A fabulous source of fibre, protein and high in anti inflammatory acids. Also a great source of magnesium, particularly Brazils, to help relax muscles and vitamin E for the skin. Almonds contain a natural pain-killing agent called salicin. Eating about 15 almonds is the equivalent of taking two aspirin so next time instead of reaching for the pharmaceutical pain relief full of starchy fillers and lactose, grab yourself a handful of almonds.
Pumpkin, sunflower, sesame, flax, chai, poppy, apricot kernels – they may be small but they pack a mighty nutritional punch. Enjoy naked over a smoothie bowl, soup pot, or roast in the oven with coconut aminos and your favourite herbs and spices for a superfood snack.
Extra Virgin Olive Oil
The hole grail of healthy oils. If it’s good enough for the mediterraneans and all that! The oleic acid found in this oil is proven to help lower cholesterol and improve blood pressure. Add unfiltered EVO to your salads, on roast vegetables or drizzle on top of soups instead of cream.

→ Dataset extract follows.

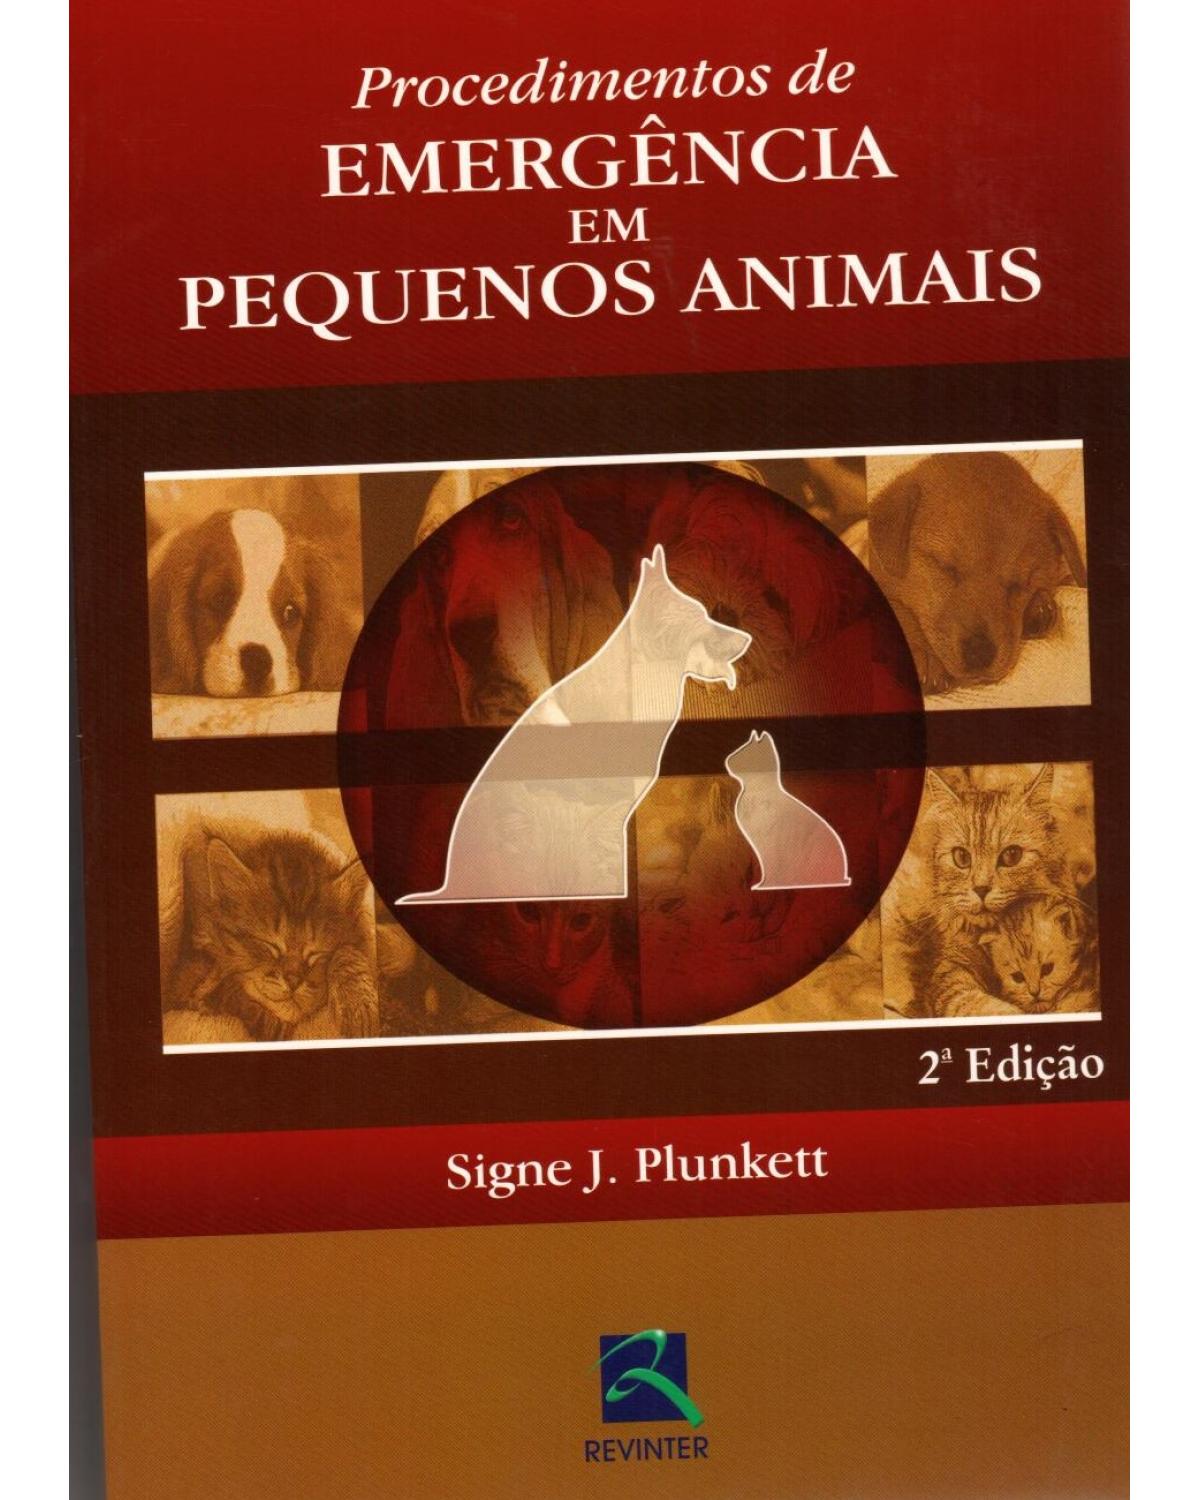 Procedimentos de emergência em pequenos animais - 2ª Edição | 2006

I feel sorry for people who can’t eat eggs, they are my go to breakfast staple. They incredibly nutritious, packed full of protein, vitamin D and B vitamins they’re so versatile. Check out my eggy breakfast recipes for inspiration. Whilst fitness magazines of the 80s and 90s advocated using just egg whites as a trim protein filled superfood, today times are a changing. Yes, eggs are high in cholesterol, but they don’t adversely affect blood cholesterol which is the stuff that clogs up our arteries. In fact, the yokes contain good fats and consuming them whole studies are now indicating actually raises HDL (good cholesterol).

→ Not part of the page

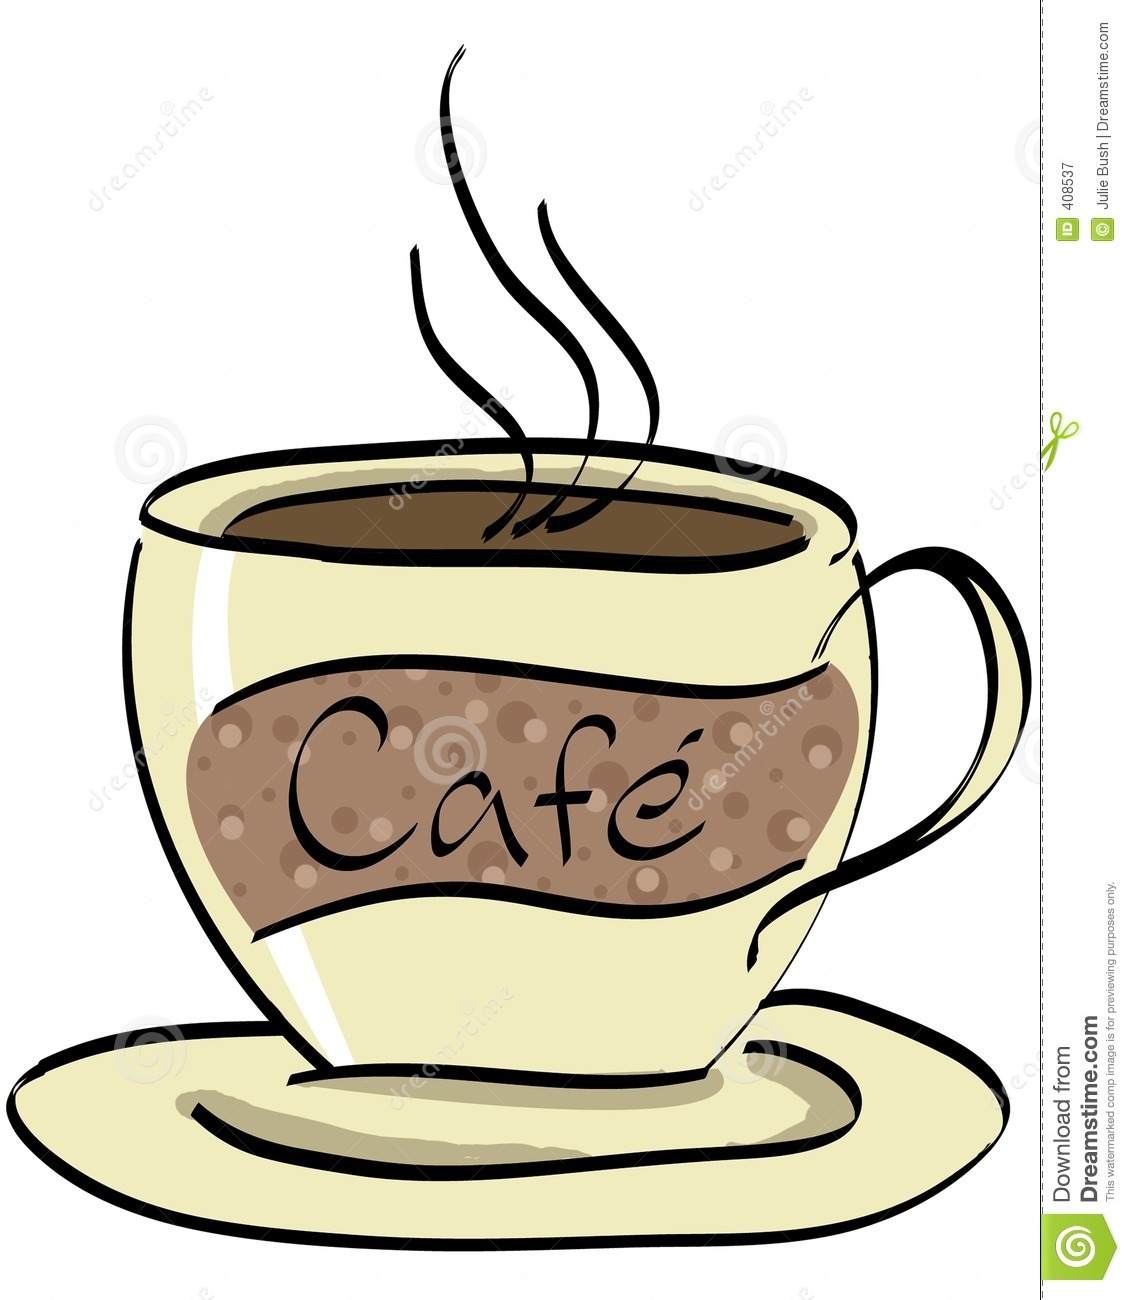 cafe clipart cafe menu

Coconut chips, flour and oil
Coconuttyness is sweeping the nation! Coconut oil, flour, crips, wraps, nectar, aminos. It’s everywhere. A hot topic of debate with the health conscious is how good coconut oil is for health. Read by post Is coconut oil good for you or is it just marketing hype? and make up your own mind. Personally, I’m a big fan, but like with most things moderation is the key. Yes it’s 90% saturated fat but not all fat is created equally and it’s the medium chain fatty acids in coconut oil that actually aid digestion and support weight loss buy increasing metabolism and fat burning.
A bit like marmite, you either love them or hate them. I’m in the LOVE corner on this one. If you’ve sampled a few and not found the one for you yet, please don’t give up. A bit like wine, olives vary in taste considerably depending on which country and region they are from and how they are preserved. A Nocellara with its buttery flavour is somewhat different to the salty richness you’ll find with a kalamata. If you’ve an autoimmune disease or compromised gut, try to find the ones just in olive oil or sunflower oil without preservatives. In the UK I recommend Wholefood’s Green Olives with Basil or The Olive Company do a wide variety just in brine.